_Supplied material_.
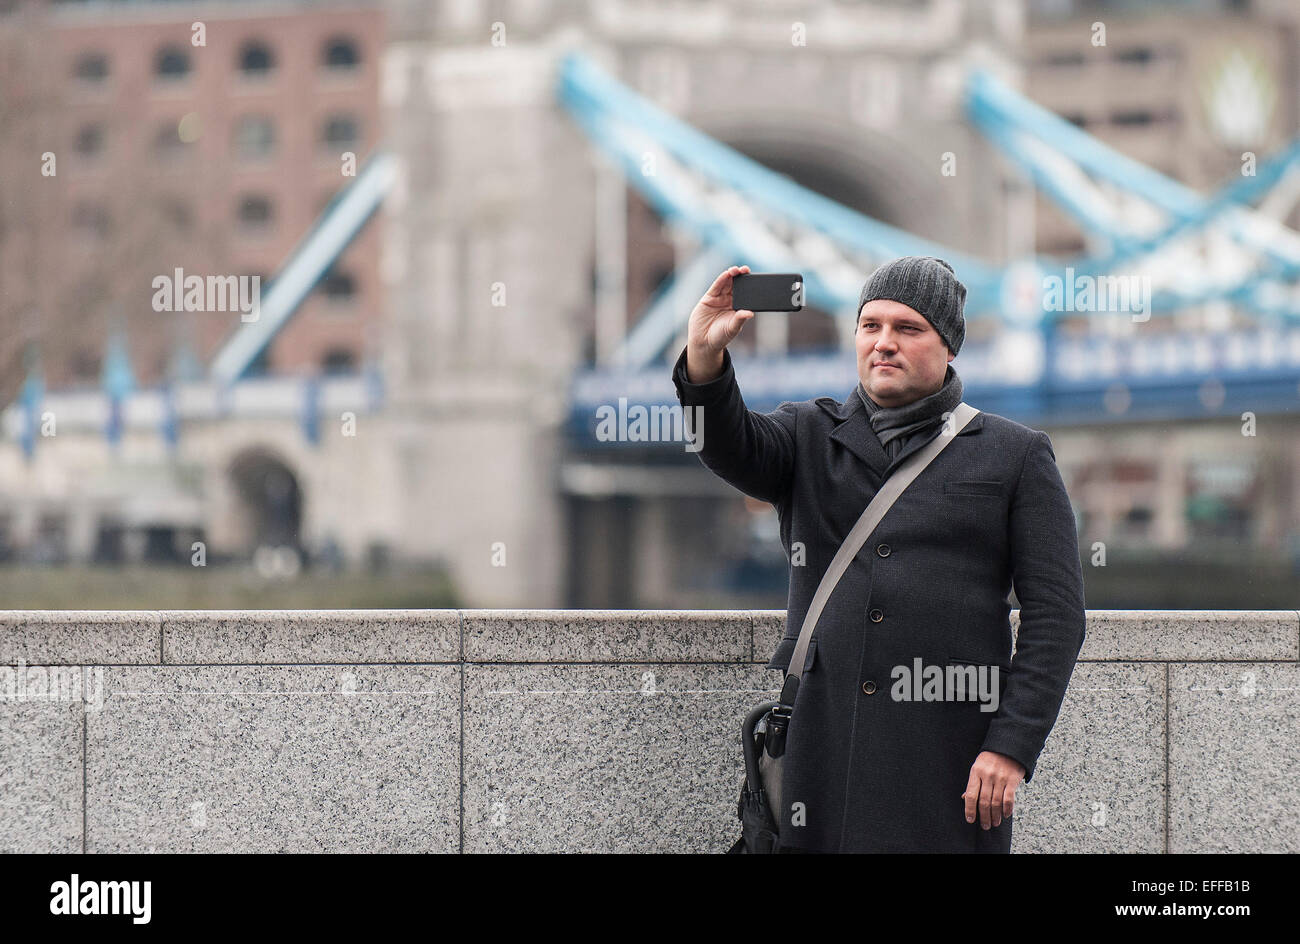 Un homme prenant une avec un téléphone mobile selfies Banque D'Images
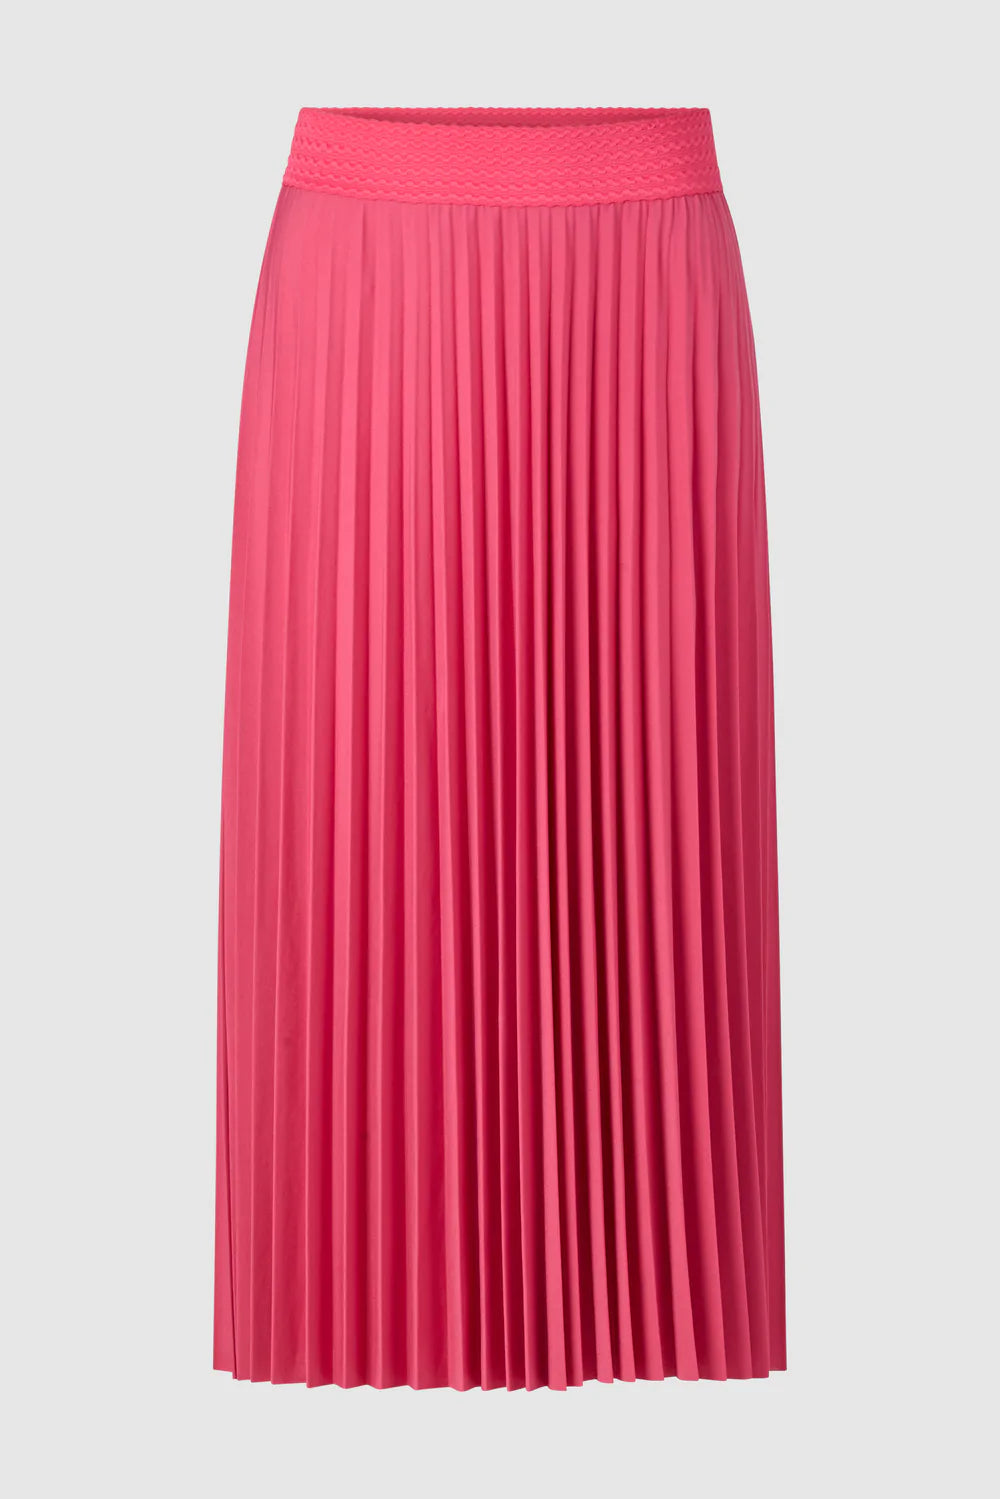 E2207 || Midi Skirt || Raspberry
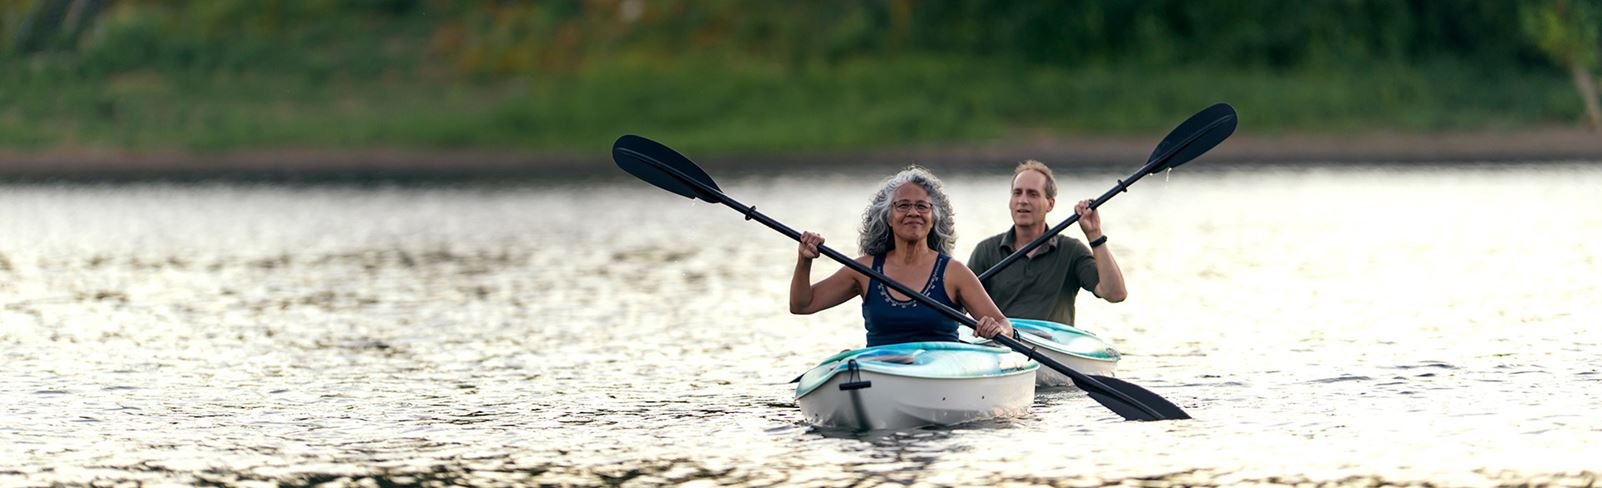 tehaleh-two-people-kayaking-on-a-lake.jpg
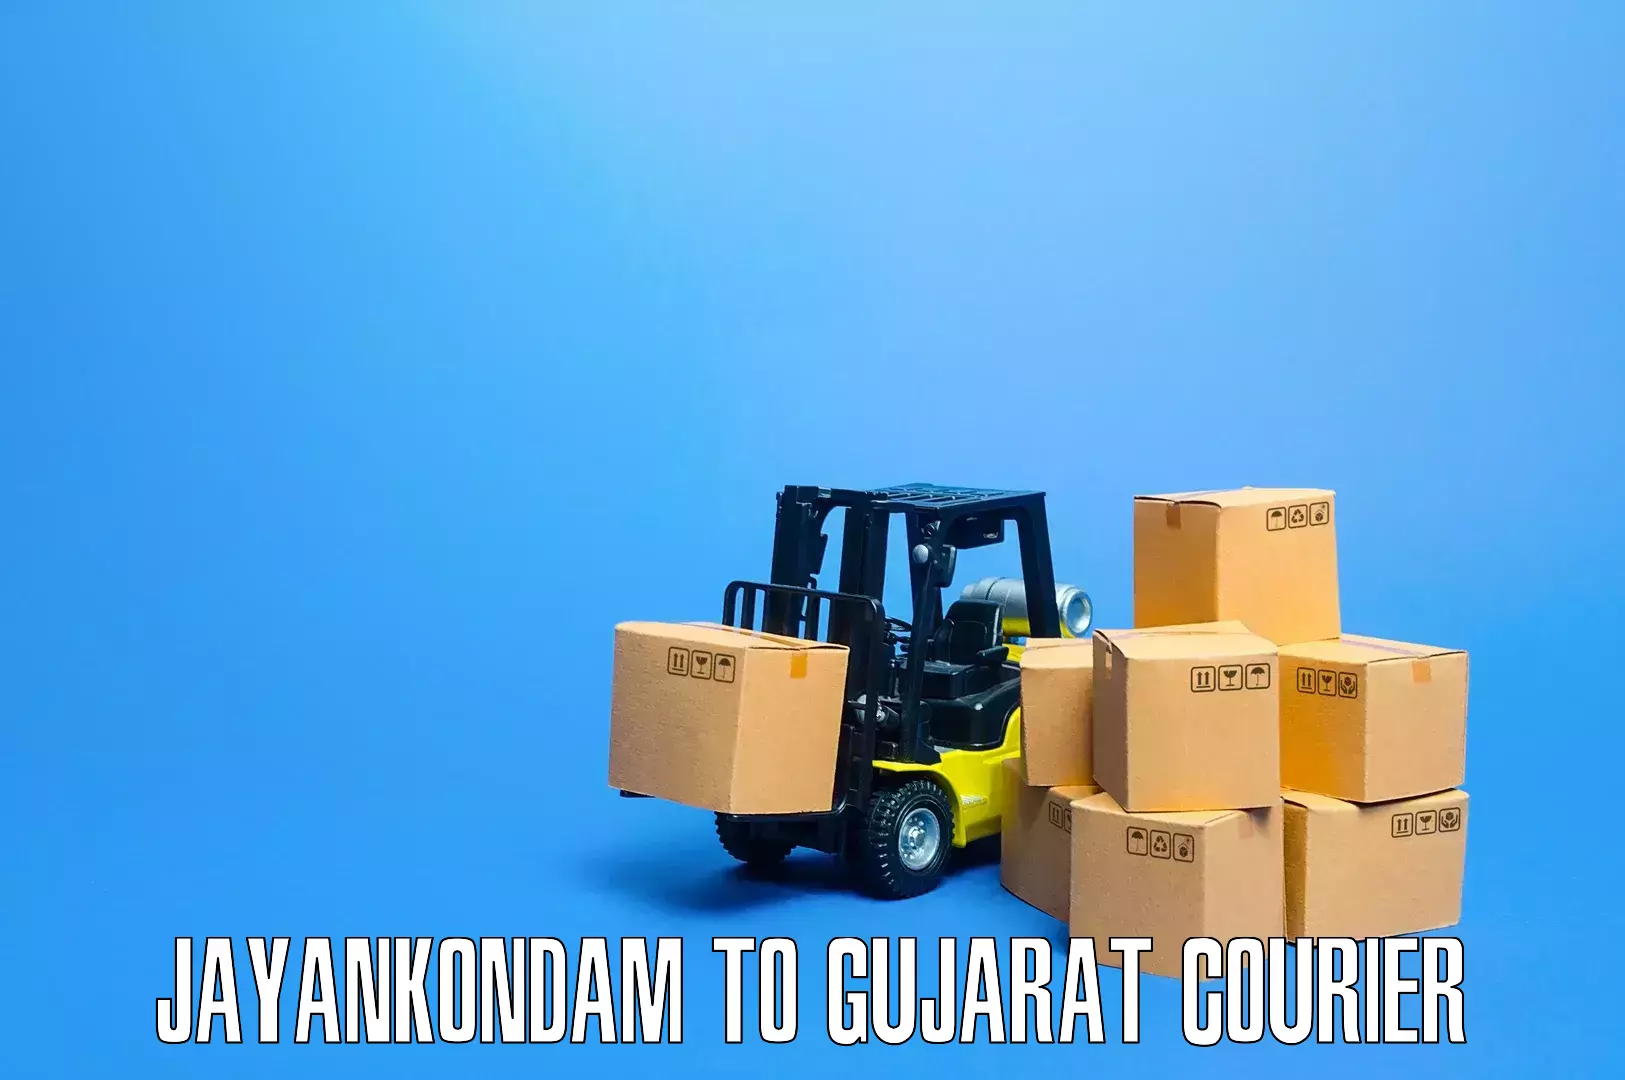 Premium furniture transport Jayankondam to Gujarat
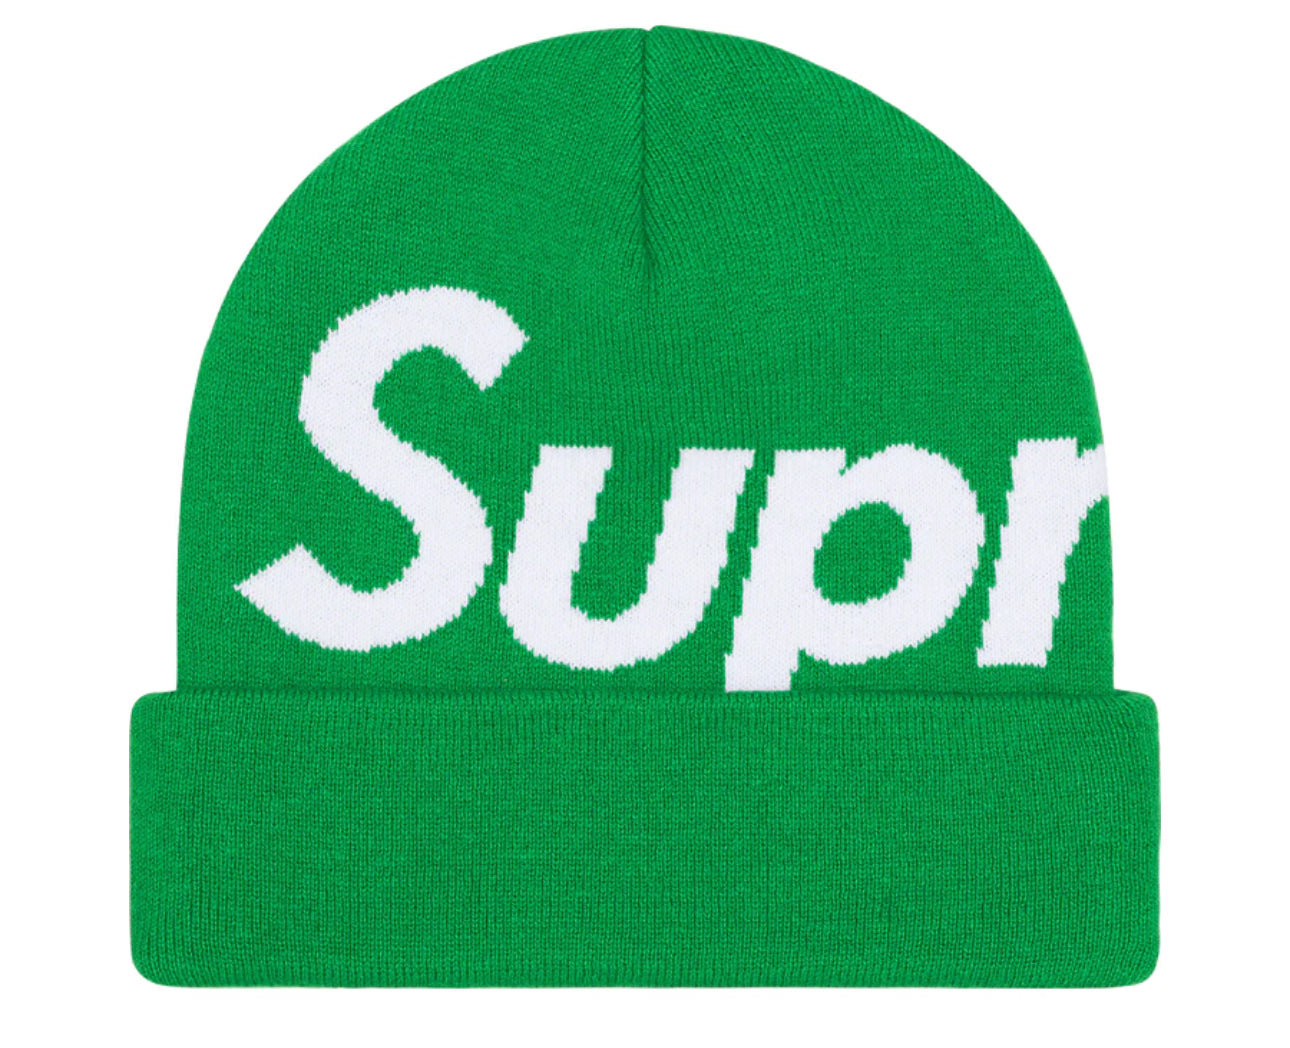 Supreme Big Logo Beanie
Green
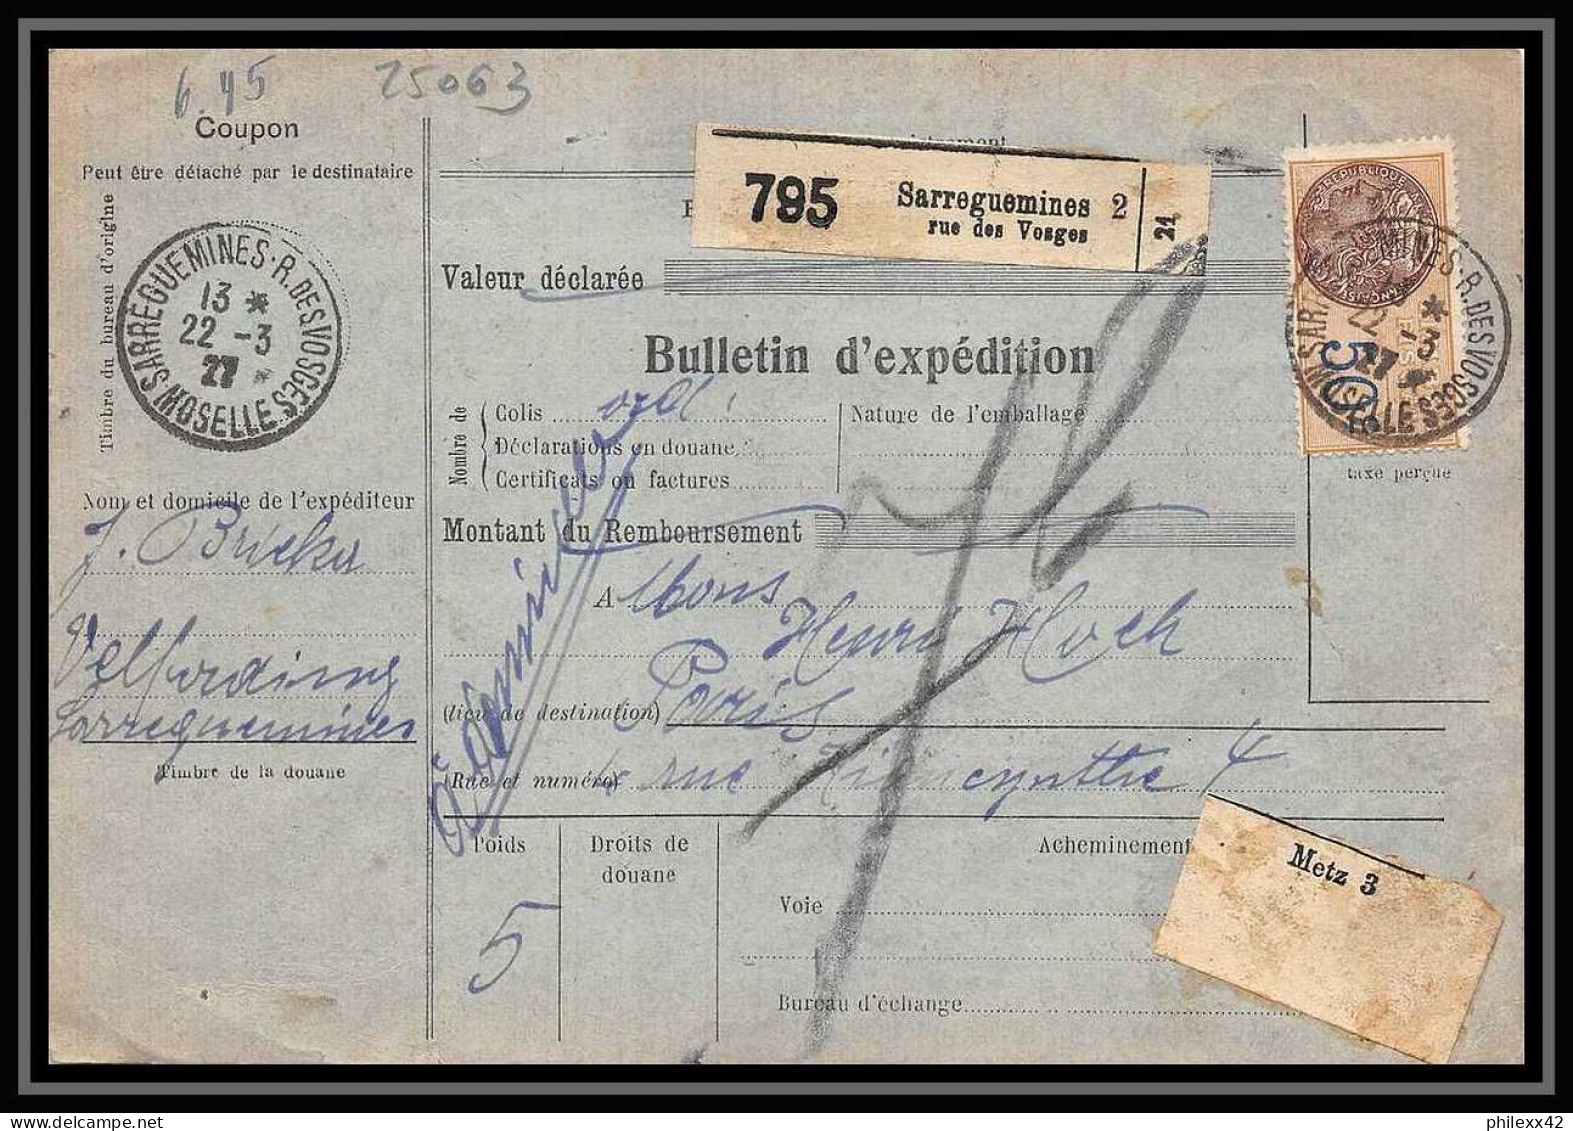 25063 Bulletin D'expédition France Colis Postaux Fiscal Haut Rhin 1927 Sarreguemines Semeuse + Merson 145+206 - Briefe U. Dokumente

_Exercise prompt_. Nothing but an exact copy is needed, covering the lines from the line with "Supreme Big Logo Beanie" through the last line of the entries, pictures excluded.

_Result_.
 Supreme Big Logo Beanie
Green
 25063 Bulletin D'expédition France Colis Postaux Fiscal Haut Rhin 1927 Sarreguemines Semeuse + Merson 145+206 - Briefe U. Dokumente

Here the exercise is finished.